= InnovationXchange =

Open innovation intermediary based in Birmingham, England

The InnovationXchange, also known as IXC UK, is a Lincoln, UK-based open innovation services and consulting provider, whose purpose is to identify and create collaborative business, research and policy opportunities.

==History==

The InnovationXchange was founded in 2003, with a business model based on the works of John Wolpert (formerly of IBM's Alpha Works and Extreme Blue) and Henry Chesbrough.

Originally known as the Australian Industry InnovationXchange Network, its aim was to provide an open network for improved communication across industry, government, universities and the community.

In 2004 the InnovationXchange (IXC) undertook a pilot with John Wolpert to test the concept of using 'trusted intermediaries' i.e. facilitating confidential exchange of sensitive information.

The pilot demonstrated that often organisations do not understand why external parties might value their capabilities. Further, they may not have assessed their capabilities and/or considered partnerships. This pilot was supported by the Commonwealth and Victorian governments.

This pilot was deemed a success and in 2006, the University of Birmingham licensed the InnovationXchange model in the UK.

As a publicly available example of the services IXC provide (as most work is highly confidential), in 2010 the company 'matched' Jaguar Land Rover with Bladon Jets, innovators of micro gas turbines.

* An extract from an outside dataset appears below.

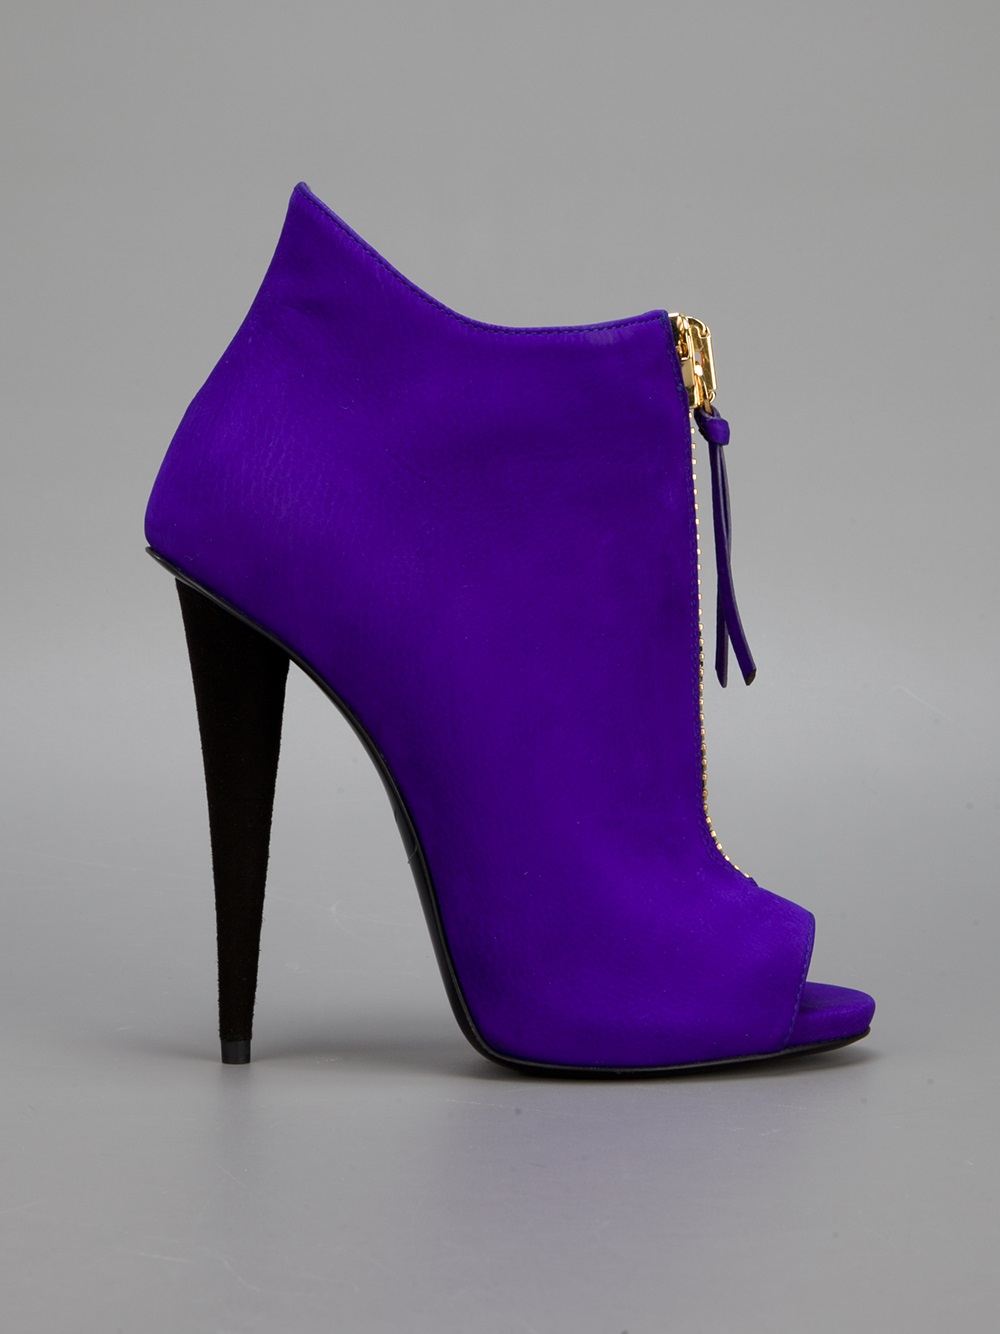 Giuseppe Zanotti Zipped Peep Toe Booties in Violet (Purple) | Lyst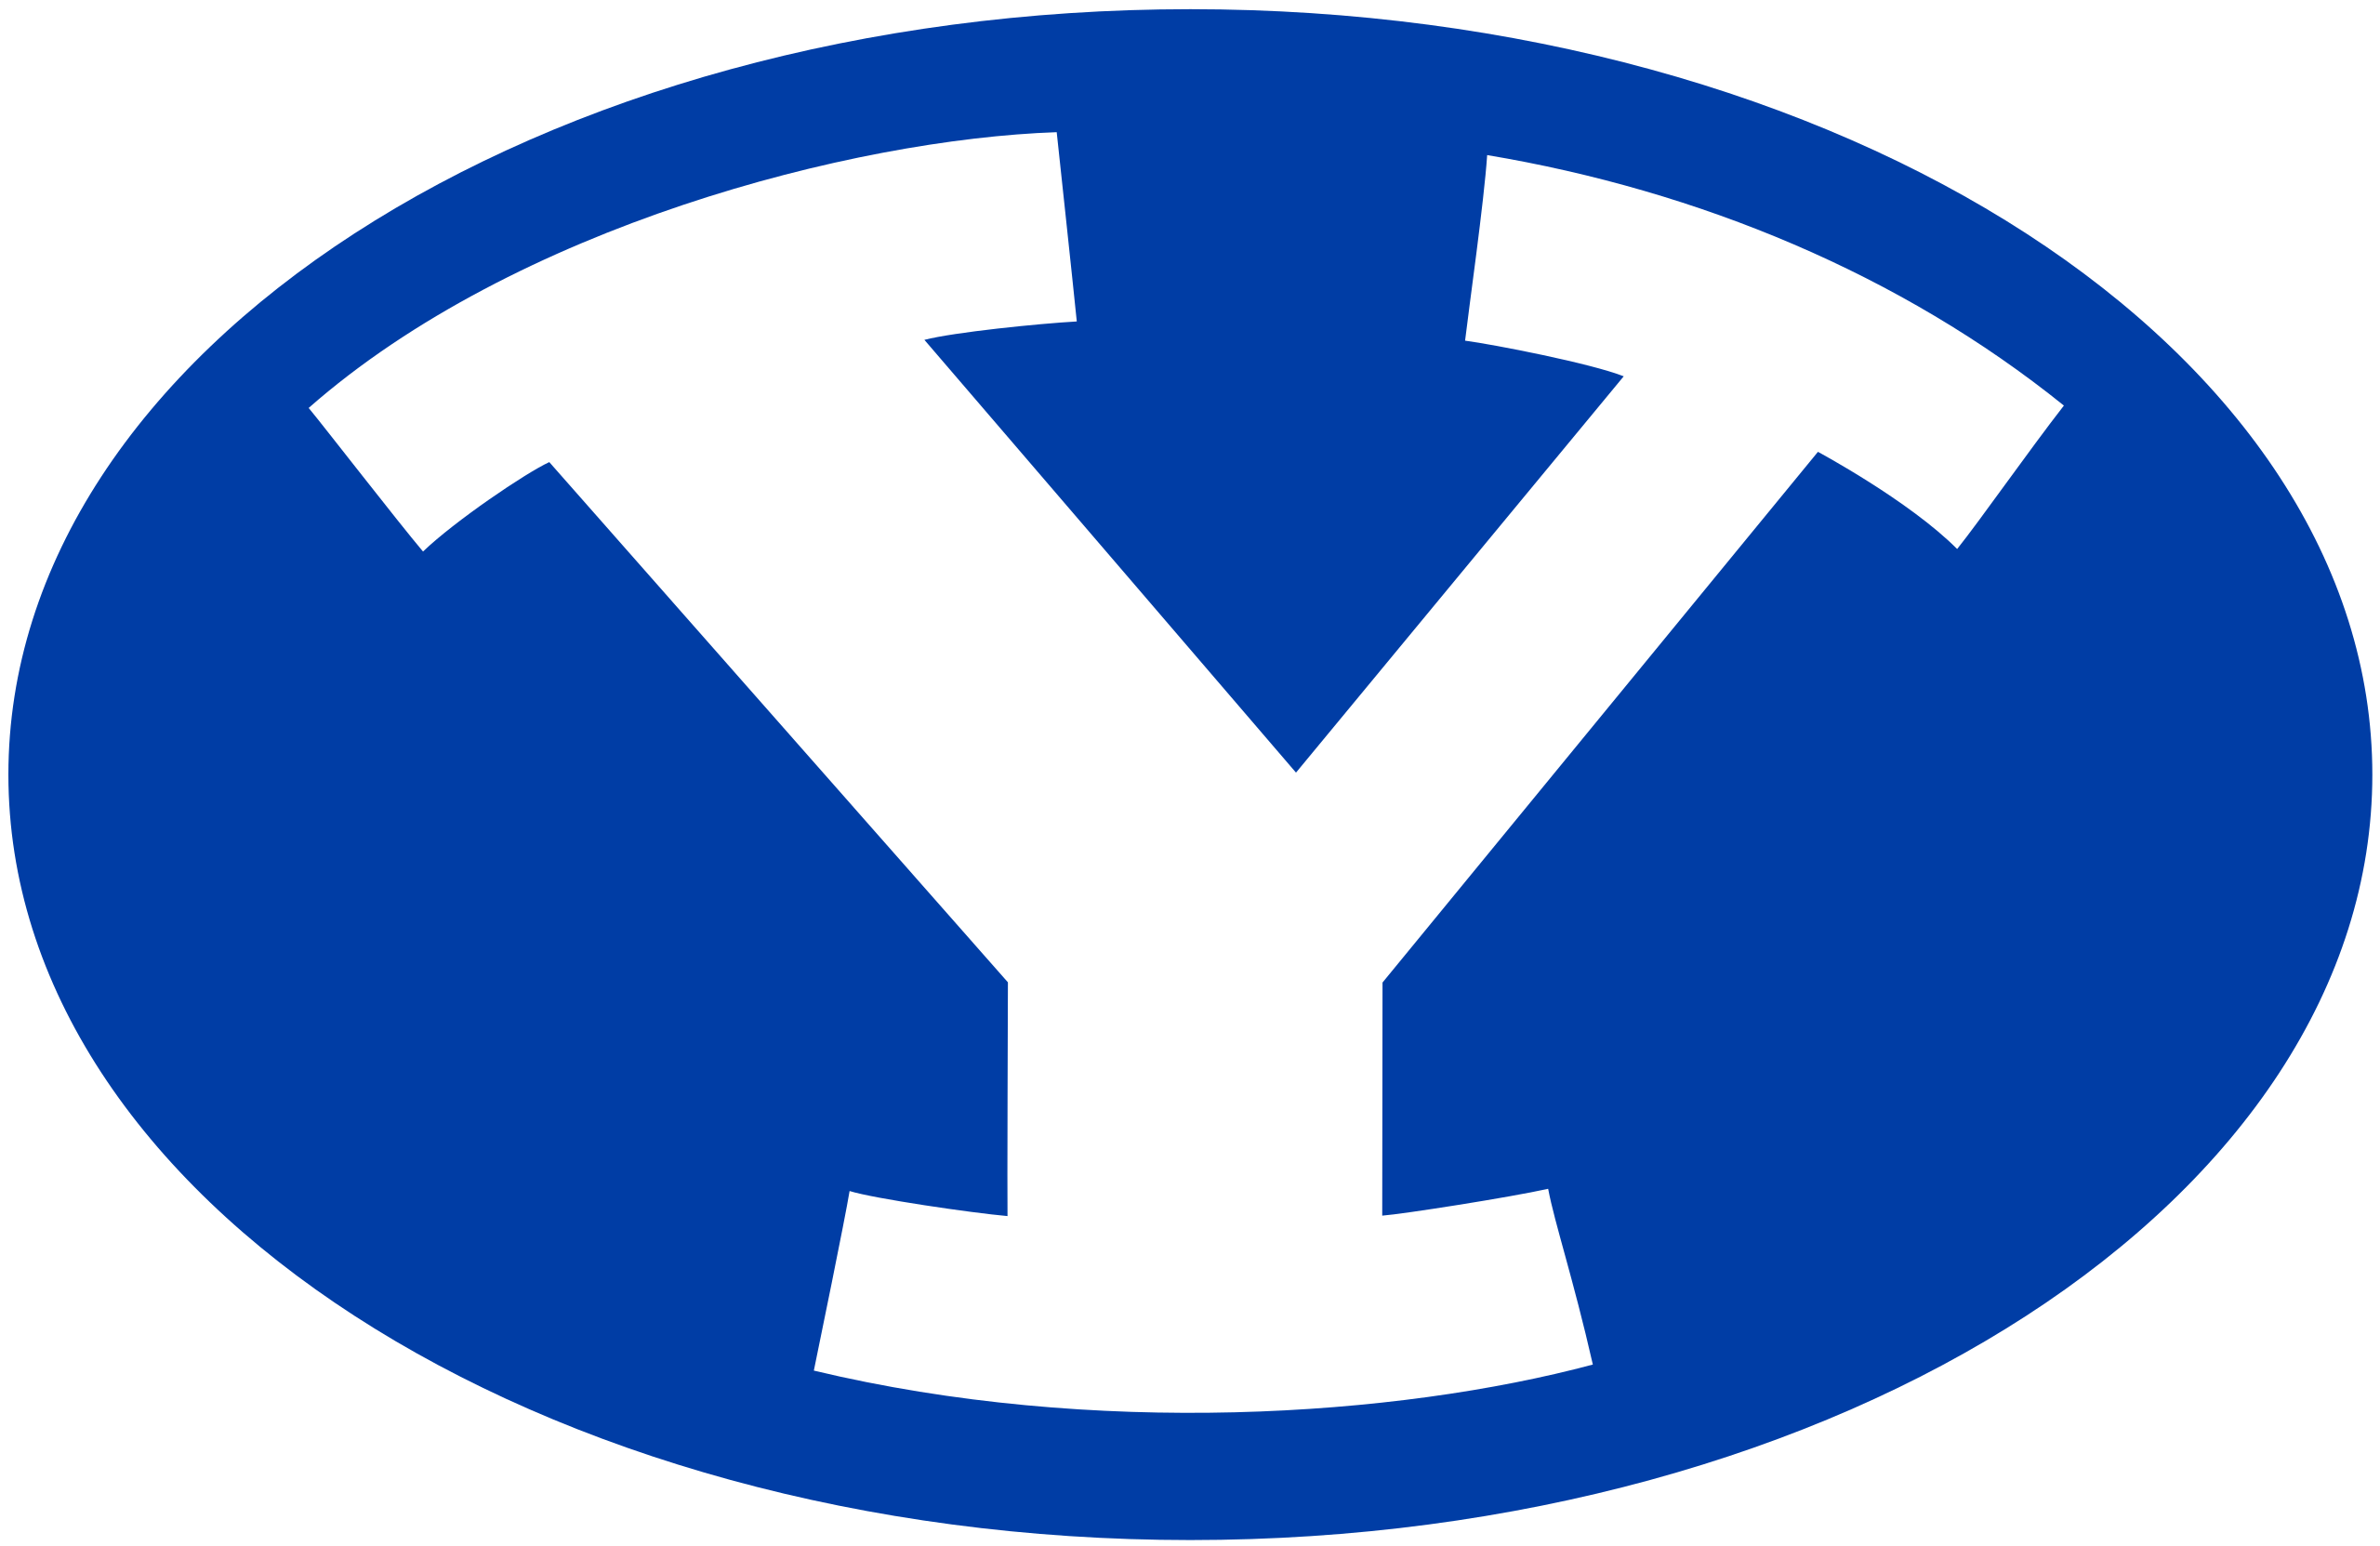 BYU_Cougars_logo.svg-1

In 2018 the company had a change of ownership and the business moved its head-office location from Birmingham to Lincoln.

==Operation==
The IXC "trusted intermediary" model operated via a legal and ethical framework to enable organisations to connect with external sources of knowledge, ideas or technologies, or markets for business development, whilst protecting their Intellectual Property (IP). In practice this entailed an IXC Intermediary being embedded into an organisation and acting as both an internal and external innovation connector. Internally, the intermediary provided advice and guidance on structure and process development, helped connect sources of information and facilitated the sharing of knowledge. Externally, the intermediary identified potential solutions (technologies, materials etc.) and partners to address internally identified needs. This model operated in the UK until approximately 2017. Alongside the Intermediary service IXC developed a broad range of innovation services including technology scouting, horizon scanning, training, and partner searching which continue to be provided.

Subsequent to the 2018 change of ownership the focus of operations shifted with the decision to develop a digital platform. The Flo.How platform, launched in 2021, provides innovation tools and guidance for SME businesses and business advisers which engage with such businesses. This is a significant diversification from the original business model.